A rãzinha disse que ele só conseguiria apanhar aquela flor azul, se mergulhasse pessoalmente até o fundo do rio. Mas era muito perigo e Ara-berá poderia morrer afogado, pois o rio era muito fundo.
Ouvindo essa explicação, o índio pescador não pensou duas vezes e atirou-se nas águas profundas; passou um longo tempo e ele não retornava à superfície; todos os pássaros começaram a sobrevoar o rio chorando, e suas lágrimas formavam grandes círculos coloridos.
Quando a princesinha soube do que estava acontecendo, veio correndo até a beira do rio e viu o pobre Ara-berá no fundo do rio estendido, com a flor azul na mão direita. Mas o corpo do jovem pescador havia perdido sua cor de cobre brilhante e estava pálido como os olhos da princesa.
Guabiyú imediatamente pegou a rede do pescador e lançou-a no rio. Precisou da ajuda dos amigos pássaros que estavam juntos dela. Quando pucharam a rede trouxeram consigo o corpo do pescador segurando a preciosa flor entre as duas mãos. Mas ele estava desmaiado e não reagia a nenhum estímulo de seus amigos.
A princesinha, muito triste, começou a chorar amargamente. Quando suas lágrimas caíram sobre aquela linda flor, a cor azul fugiu de suas pétalas e, à media em que ia embranquecendo, seus olhos iam voltando a ser azuis.
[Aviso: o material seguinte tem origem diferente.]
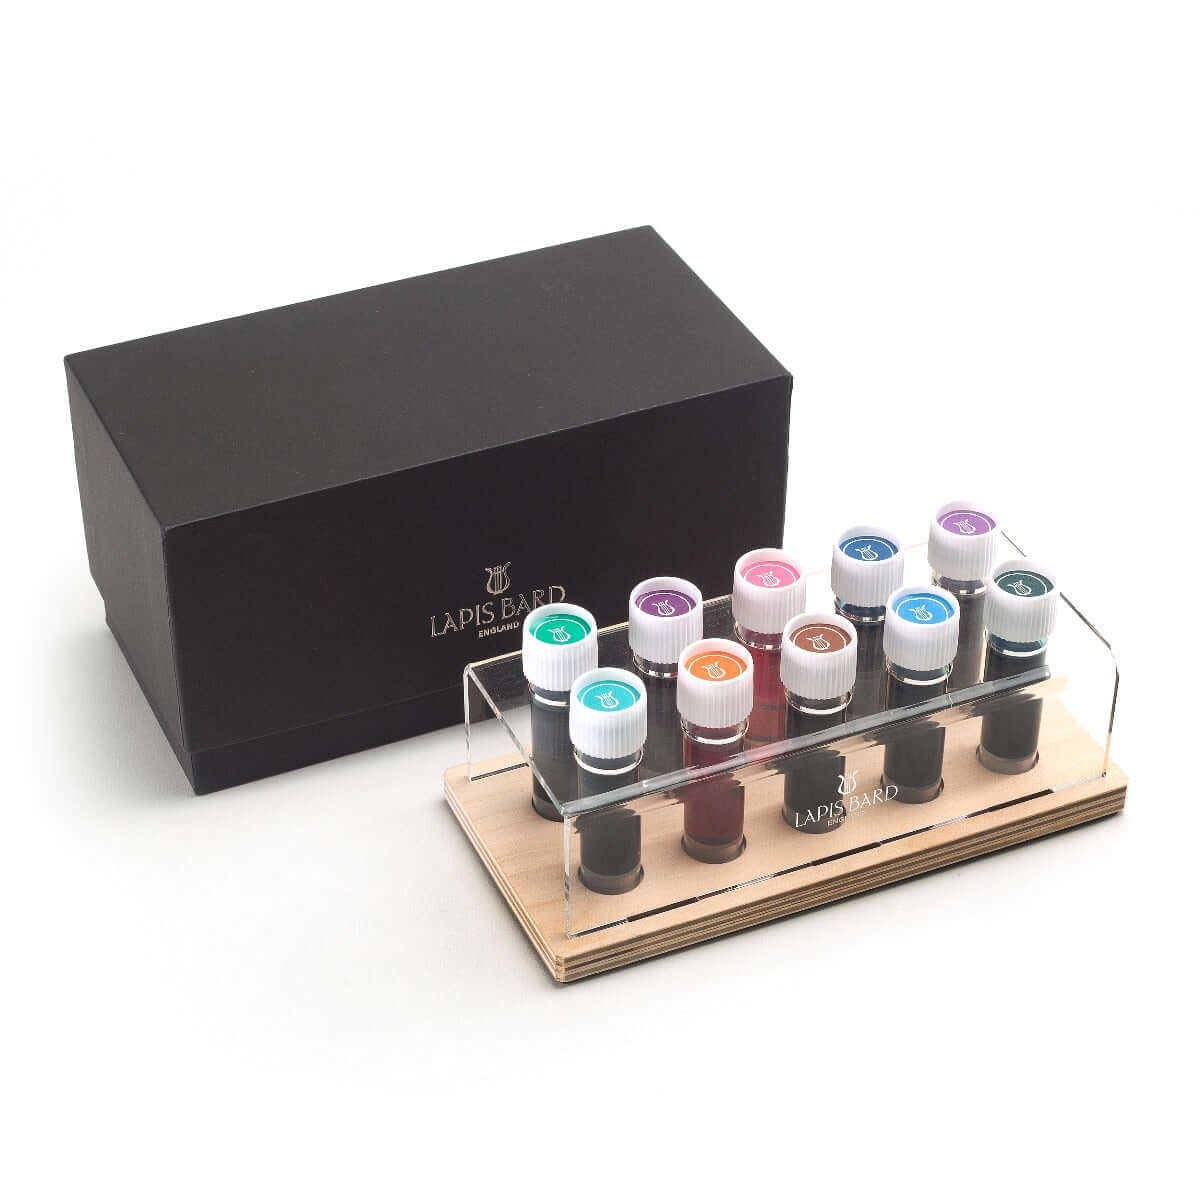 Lapis Bard Fountain Pen Ink Vial Set Of 10 Colors Assorted - 5ml Each 1
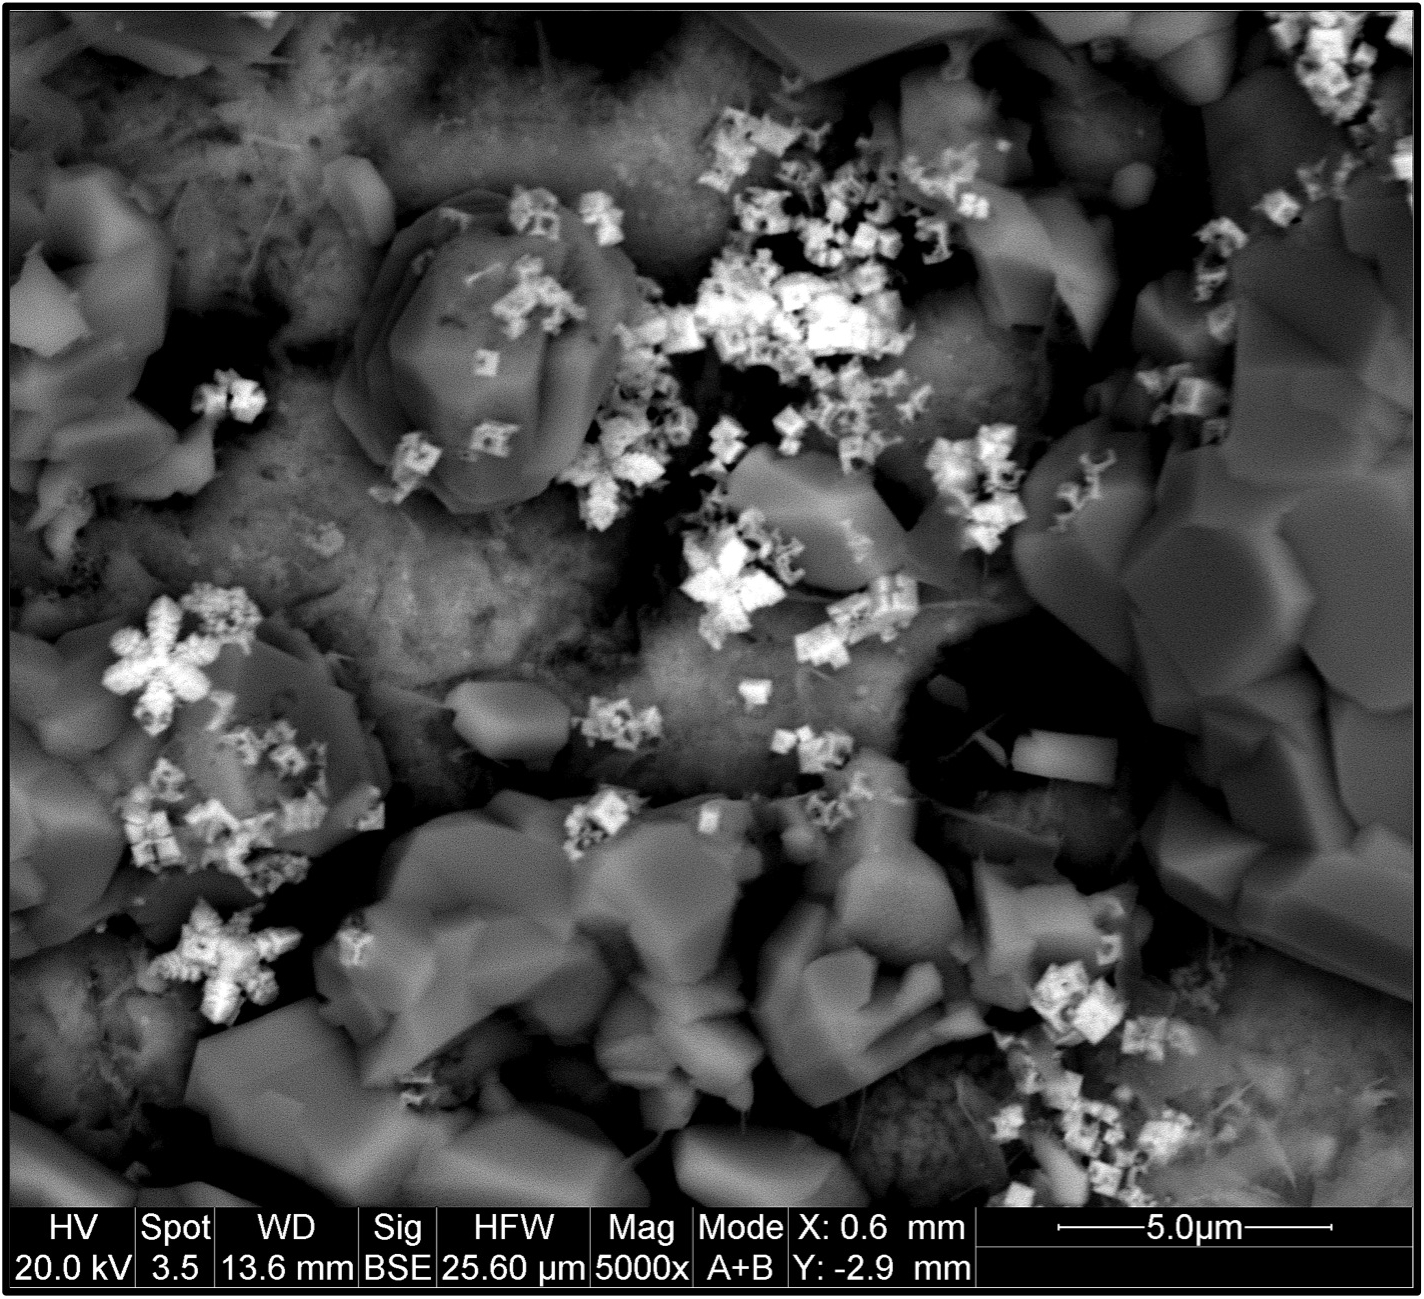 Scanning electron microscope image of bronze exposed to hydrogen sulfide.  The surface is decorated with small white crystals with the appearance of flowers due to lead sulfide.

Enquanto isso acontecia, o pálido corpo do pescador foi também readquirindo sua brilhante cor de cobre e os pássaros vieram olhar-se naquele espelho de sol, que eles tanto gostavam.
Aos poucos, o jovem pescador despertou de seu sono, e vendo a princesinha ao seu lado, já com os olhos azuis, a olhá-lo com tanta ternura, ficou encantado e muito feliz. Levantou-se, e tomando Guabiyú pelo braço seguiu levando-a de volta para seus pais. Todos os amigos que estavam presentes os seguiram cheios de emoção e felicidade.
Os pais da princesinha, muito felizes, cederam a mão de sua amada filha em casamento ao pescador apaixonado. E colocaram na cabeça de Ara-berá as quatro penas amarelas, sinal da força e do poder.
Depois de alguns anos, já velhinhos, os pais da da princesinha morreram e Guabiyú e seu esposo Ara-berá passaram a ser os chefes da tribo.
A princesinha e seu marido viveram muito felizes, e durante todo seu reinado protegeram seus amiguinhos animais do céu e da terra.